Question

A reproductive clinic had a success rate of 25% of patients with live births in 2008. They want to update their success rate (the proportion of live births) for 2020. If they want their estimate to be within 2.5%, how many patient's results should they sample if they plan to use a 99% confidence interval?

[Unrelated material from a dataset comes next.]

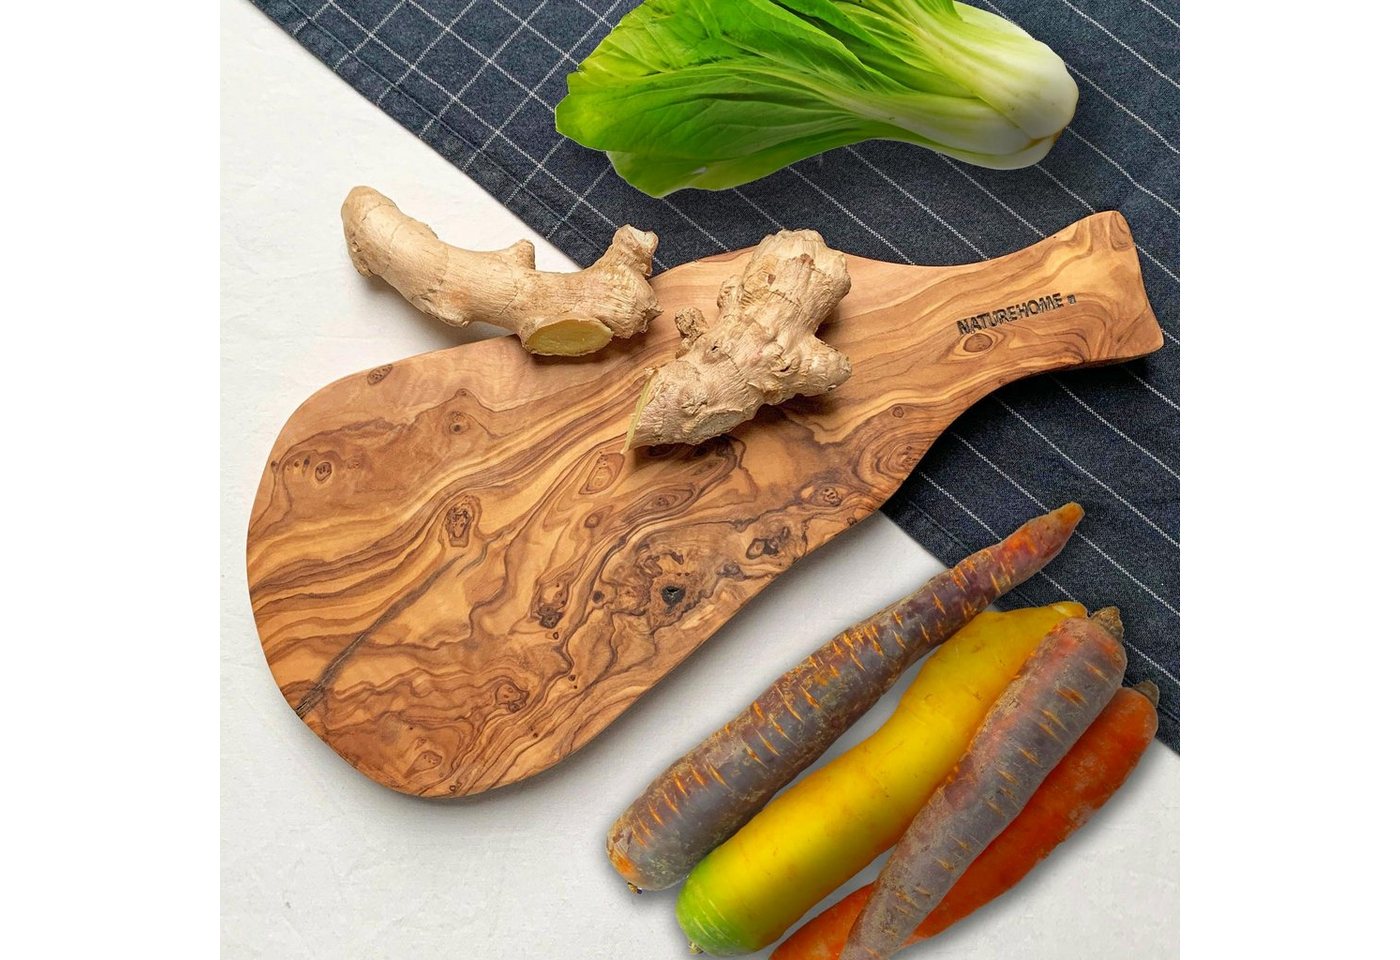 NATUREHOME Schneidebrett Paddle Board Rustikales Schneidebrett Olivenholz Griff 30cm, Holz, Handarbeit, Haltbar von NATUREHOME

Round your answer up to the nearest integer.

Answer 1

They should sample the results of 1990 patient results.

Explanation:

In a sample with a number n of people surveyed with a probability of a success of
`\pi`, and a confidence level of
`1-\alpha`, we have the following confidence interval of proportions.

`\pi \pm z\sqrt{(\pi(1-\pi))/(n)}`

In which

z is the z-score that has a p-value of
`1 - (\alpha)/(2)`.

The margin of error is of:

`M = z\sqrt{(\pi(1-\pi))/(n)}`

A reproductive clinic had a success rate of 25% of patients with live births in 2008.

This means that
`\pi = 0.25`

99% confidence level

So
`\alpha = 0.01`, z is the value of Z that has a p-value of
`1 - (0.01)/(2) = 0.995`, so
`Z = 2.575`.

If they want their estimate to be within 2.5%, how many patient's results should they sample if they plan to use a 99% confidence interval?

They should sample n patients.

n is found for
`M = 0.025`. So

`M = z\sqrt{(\pi(1-\pi))/(n)}`

`0.025 = 2.575\sqrt{(0.25*0.75)/(n)}`

`0.025√(n) = 2.575√(0.25*0.75)`

`√(n) = (2.575√(0.25*0.75))/(0.025)`

`(√(n))^2 = ((2.575√(0.25*0.75))/(0.025))^2`

`n = 1989.2`

Rounding up:

They should sample the results of 1990 patient results.